To contribute to these global efforts, this report maps, measures and describes the activities of major development partners in financing infrastructure of developing countries, namely Official Development Assistance (ODA)-eligible recipient countries. While it gives a general overview of their infrastructure financing, it also focuses on development co-operation that concern mobilising private sector resources. The report includes data on the 50 major development partners that report to the Organisation for Economic Co-operation and Development (OECD) Development Assistance Committee (DAC) at the activity level and in a harmonised manner. Furthermore, it provides estimates of official support by emerging economies that are playing key roles in development co-operation for infrastructure in other developing countries. The data mainly focus on Official Development Finance (ODF) of 2013 by bilateral and multilateral development partners, mostly in disbursements instead of commitments.

Key findings for 2013 include the following:

  • Total infrastructure investments in developing countries amounted to roughly USD 1 trillion a year, of which more than half was financed by developing country governments and a third by the private sector.

  • Official development partners generally financed 6-7% of infrastructure investments, which amounted to about USD 60 billion.

  • Of the development partner financing, 46% was from bilaterals and 54% from multilaterals.

  • Among development partners, China, India, Turkey and Arab partners provided about 13% of total official support for infrastructure through south-south development co-operation.

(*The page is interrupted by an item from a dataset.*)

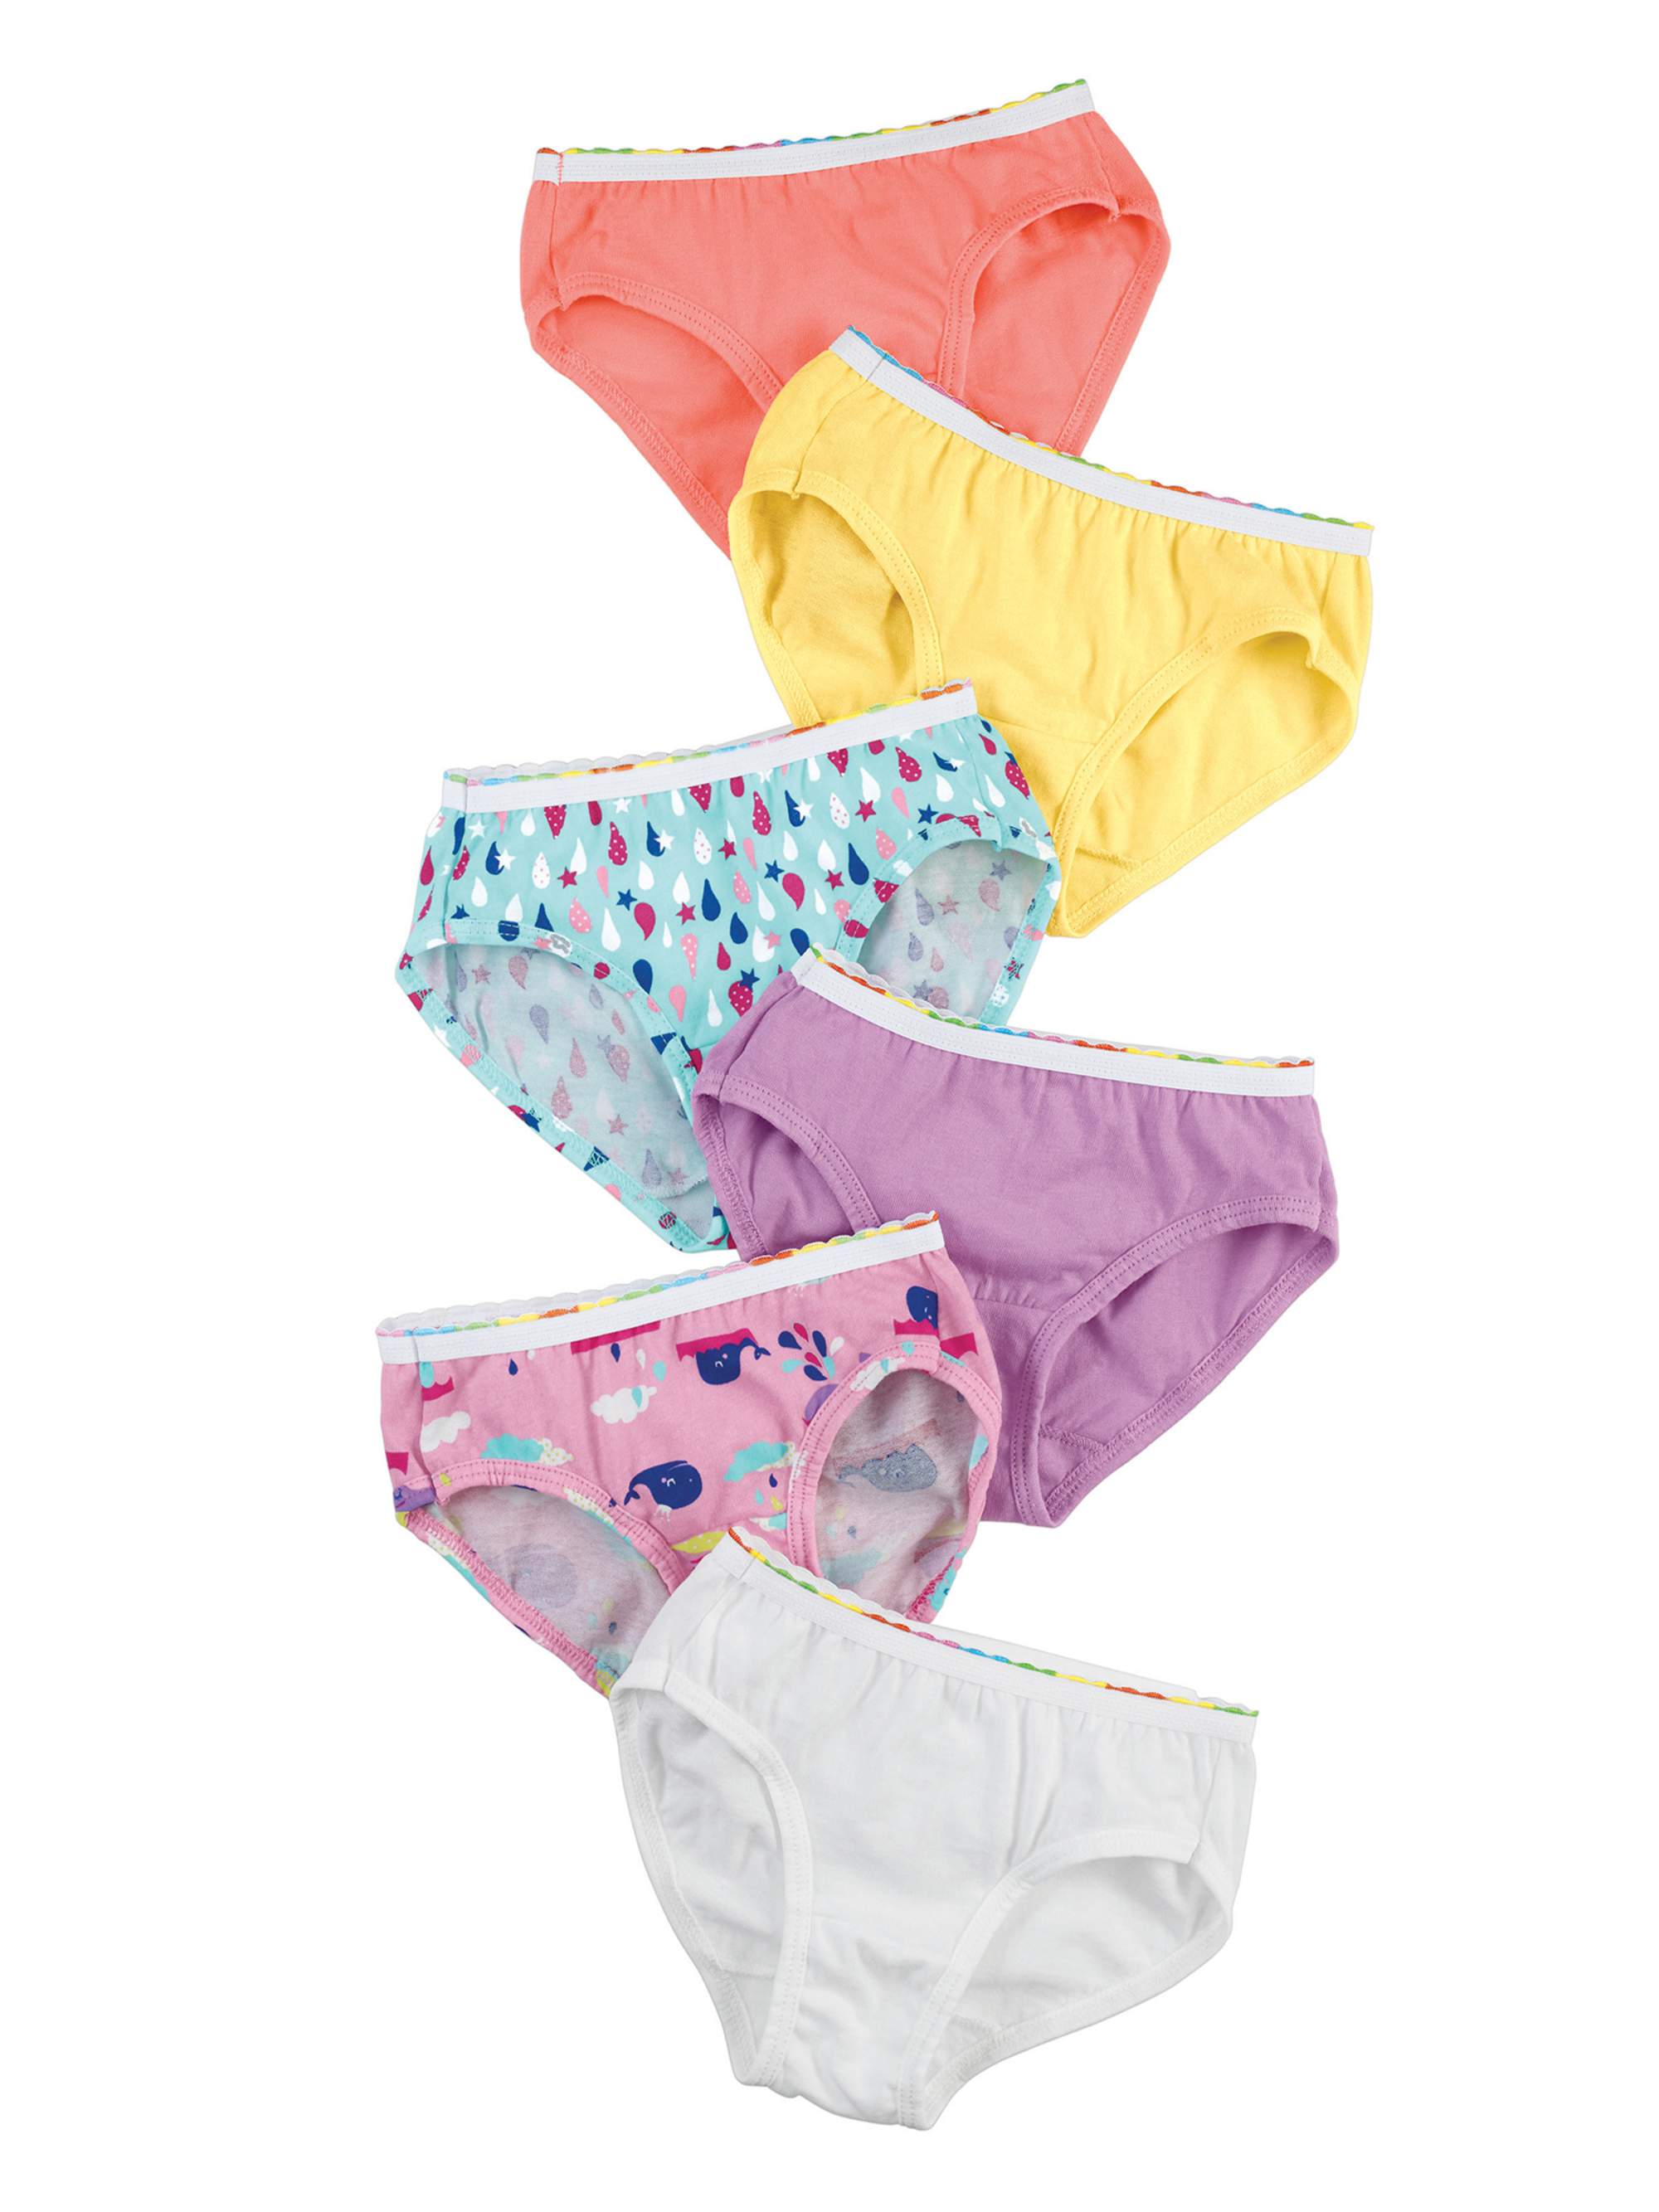 Hanes Underwear Tagless Brief Underwear, 6 Pack (Toddler Girls) - image 1 of 2

  • Among those reporting to the DAC, the top 10 development partners, which included multilaterals, G7 countries and Korea, provided over 80% of ODF to infrastructure.

  • Asia received half of ODF for infrastructure, Africa 28%, Americas 12% and Europe 10%.

  • Lower Middle Income Countries received 43% of ODF to infrastructure, Upper Middle Income Countries 33%, and Low Income Countries 24%.

  • Transport received 45% of ODF to infrastructure, followed by energy at 32%, water and sanitation at 19%, and communications at 4%.

  • Support for green infrastructure was 37% of ODF to infrastructure.

  • USD 34 billion was provided by development partners to support the enabling environment, both within infrastructure sectors and beyond for the general investment climate.

  • Development Finance Institutions provided equity and loans of USD 5.9 billion to the private sector for infrastructure, mostly in UMICs.

  • Development partners are also supporting Public-Private Initiatives such as Project Preparation Facilities, Project Facilitations Platforms and Blended Finance operations to leverage private investment for infrastructure.

This report presents comprehensive and generally harmonised data on financing for infrastructure by official development partners, mostly based on annual disbursements. By giving an overview of infrastructure financing comparable with annual expenditures or financing requirements for infrastructure, the expectation is to facilitate discussions on a more effective use of scarce public funds in filling the large infrastructure gap, which is crucial for developing countries to achieve sustainable development.


This report was received by the G20 Finance Ministers and Central Bank Governors at their meeting of 4-5 September in Ankara, Turkey.